次に、本発明の半導体装置の断面構造について説明する(図2(A)参照)。なお、図2(A)は、図1(A)の点Aから点Bまでの断面図である。
本発明の半導体装置は、基板11と、基板11上に設けられた絶縁層12と、絶縁層12上に設けられた複数のトランジスタ13とを有する。また、複数のトランジスタ13を覆う絶縁層14と、絶縁層14に設けられた開口部を介して、複数のトランジスタ13のソース領域又はドレイン領域に接続された導電層15〜18とを有する。また、導電層15〜18を覆う絶縁層38と、絶縁層38上に設けられた基板19を有する。
複数のトランジスタ13の各々は、半導体層20、ゲート絶縁層21、導電層22を有する。導電層22はゲート電極であり、半導体層20と重なるように設けられている。半導体層20は、ソース領域又はドレイン領域に相当する不純物領域23と、チャネル形成領域24とを有する。なお、複数のトランジスタ13の各々は、半導体層20上にゲート絶縁層21が設けられ、ゲート絶縁層21上に導電層22が設けられたトップゲート型、導電層22上にゲート絶縁層21が設けられ、ゲート絶縁層21上に半導体層20が設けられたボトムゲート型のどちらのタイプでもよい。
本発明の半導体装置は、複数のトランジスタ13が設けられていない領域、つまり、複数のトランジスタ13と重ならない領域において、複数の絶縁層(絶縁層12、14、21、38)から選択された1つ又は複数に、段差部が設けられていることを特徴とする。つまり、複数の絶縁層(絶縁層12、14、21、38)から選択された1つ又は複数に、開口部が設けられていることを特徴とする。多くの場合において、開口部を設けることにより生じる段差部は、凹部である。
図示する構成では、絶縁層12に、選択的に開口部25、26が設けられている。このように、選択的に開口部25、26を設けることにより、段差部を設けることができる。本発明は、段差部を設けることにより、亀裂が進行する領域を、複数のトランジスタ13と重ならない領域(トランジスタと重なる領域以外)にして、複数のトランジスタ13の損傷、破壊の発生を抑制することができる。
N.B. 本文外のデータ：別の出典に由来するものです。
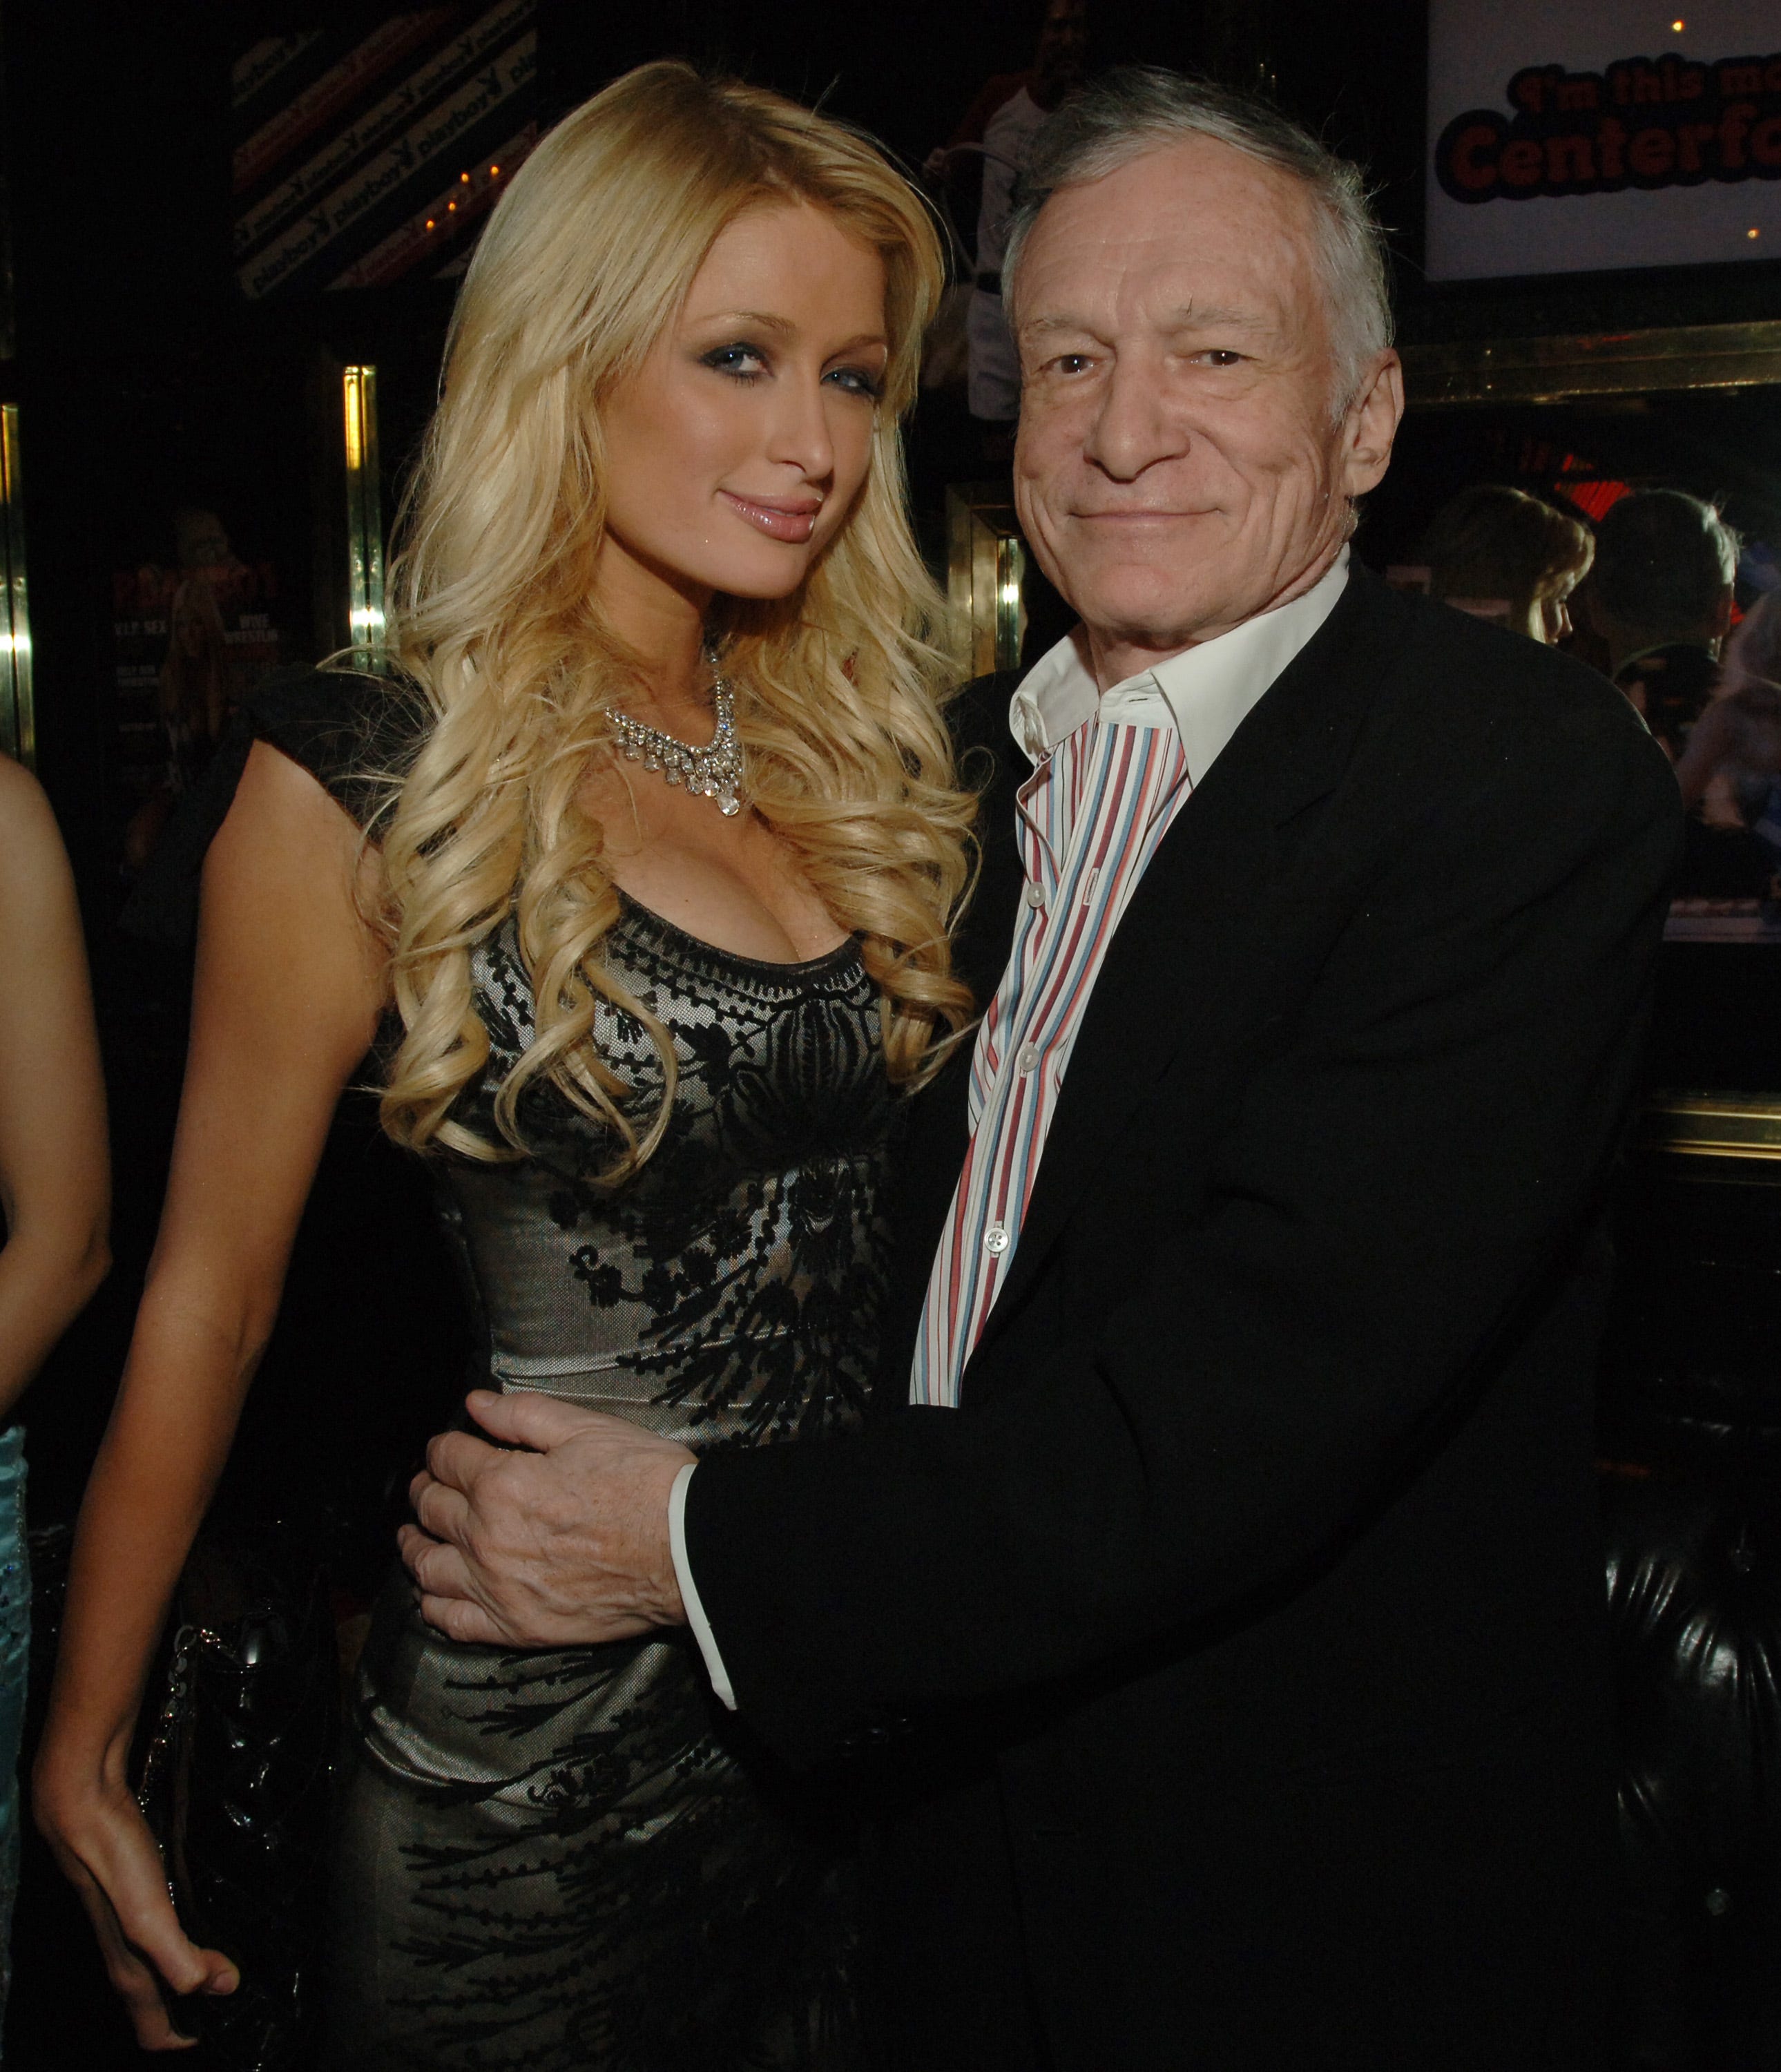 Paris Hilton und Hugh Hefner bei der 81. Geburtstagsfeier des Playboy-Gründers im Jahr 2007.

開口部25、26の形成は、フォトリソグラフィ法、レーザービームの照射等を用いて行う。また、複数の絶縁層(絶縁層12、14、21、38)から選択された1つ又は複数を、スクリーン印刷法、液滴吐出法(例えば、インクジェット法)等を用いて、予め、選択的に形成してもよい。
なお、上記の構成では、4層の絶縁層(絶縁層12、14、21、38)が設けられているが、本発明は、この構成に制約されない。半導体装置が含む複数の絶縁層から選択された一つ又は複数に、選択的に開口部を設ければよい。また、上記の構成では、絶縁層12、14、21、38の各々は、単層であるが、複数の層が積層された積層構造でもよい。
また、半導体装置が含む複数の絶縁層(上記の構成では絶縁層12、14、21、38)は、珪素の酸化物、珪素の窒化物、ポリイミド、アクリル、シロキサン等を用いて形成する。シロキサンとは、例えば、シリコンと酸素との結合で骨格構造が構成され、置換基に、少なくとも水素を含む有機基(例えばアルキル基、芳香族炭化水素)、フルオロ基、又は、少なくとも水素を含む有機基とフルオロ基を用いたものである。
次に、上記とは異なる本発明の半導体装置の断面構造について説明する(図2(B)参照)。なお、図2(B)は、図1(A)の点Aから点Bまでの断面図である。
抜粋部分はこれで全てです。